Species of damselfly

Calopteryx angustipennis is a species of damselfly in the family Calopterygidae known commonly as the Appalachian jewelwing. It is endemic to the United States, where it occurs in the southeastern and eastern states.

== Description ==
The Appalachian jewelwing ranges in size from 50 to 67 millimeters (2 to 2.6 inches), making it the largest of the jewelwing damselflies. It is distinguishable from other jewelwing species by the absence of dark coloration on the wings. Both males and females have a metallic green thorax and abdomen, black legs, and clear or amber colored wings with green veins along the upper edge. In females, the abdomen coloration is less vibrant, with an especially dull tip, and some areas of the thorax are pale brown.

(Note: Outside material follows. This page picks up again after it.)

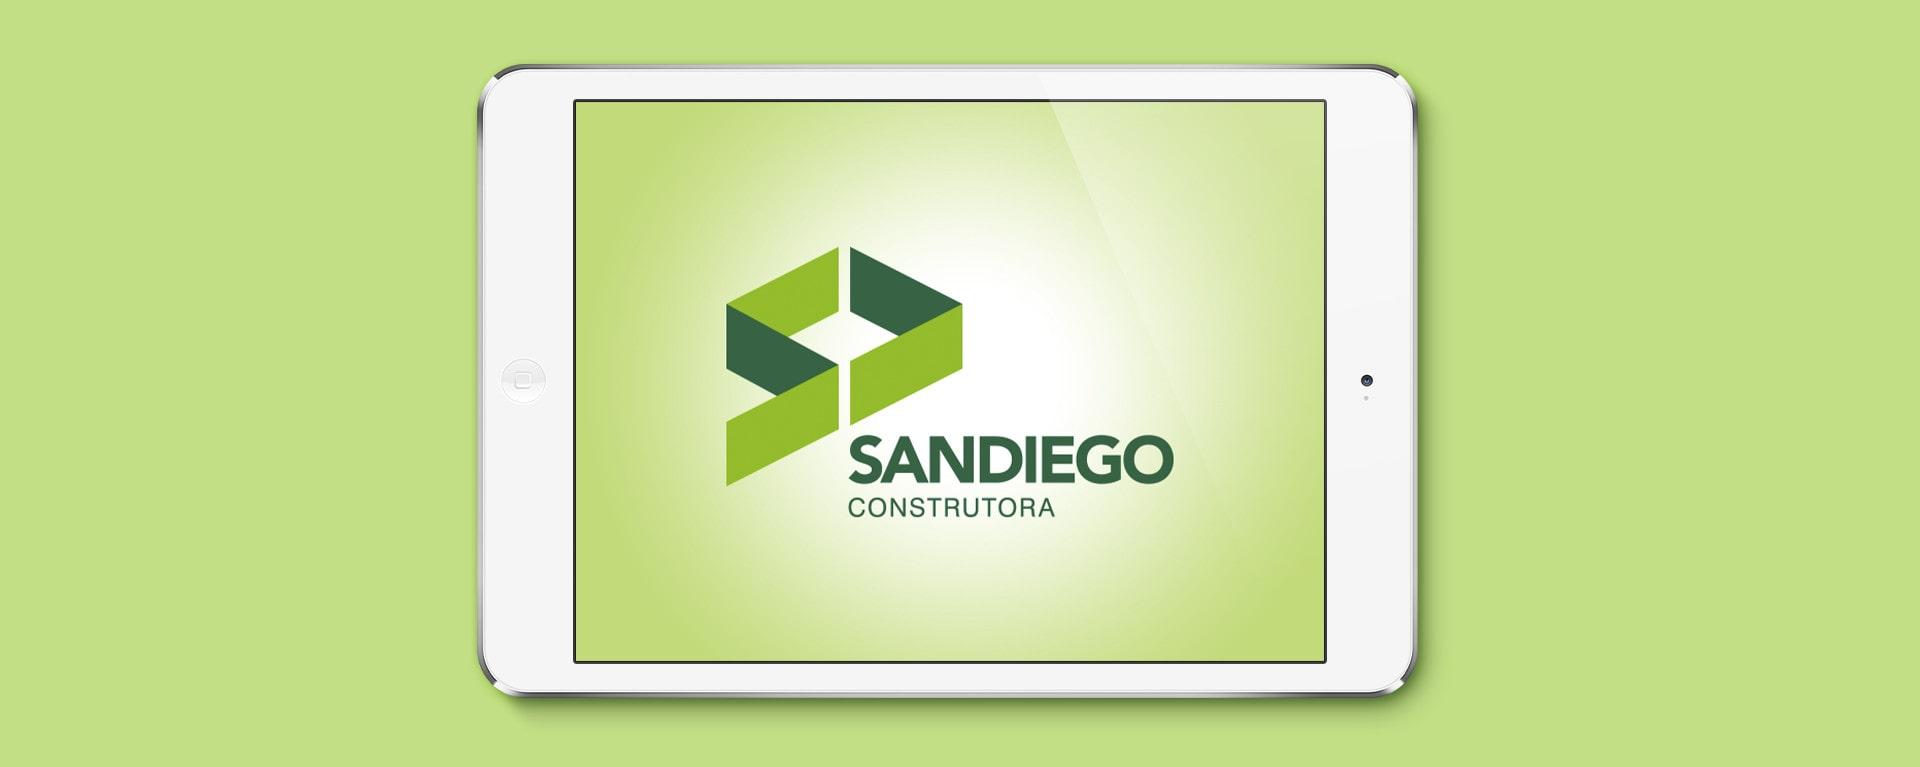 Logotipo SanDiego

== Distribution and habitat ==
The Appalachian jewelwing is found near rocky rivers and large streams throughout the southeastern and eastern United States, from Alabama to New York. It particularly favors woodland habitats with cold, fast-flowing water.

== Ecology and behavior ==
The flight season, when adults emerge in their mature winged form and take flight, begins between April and May and ends between June and August, varying by locale. The Appalachian jewelwing typically perches in a horizontal position on riffles or vegetation along banks, often in small, scattered groups.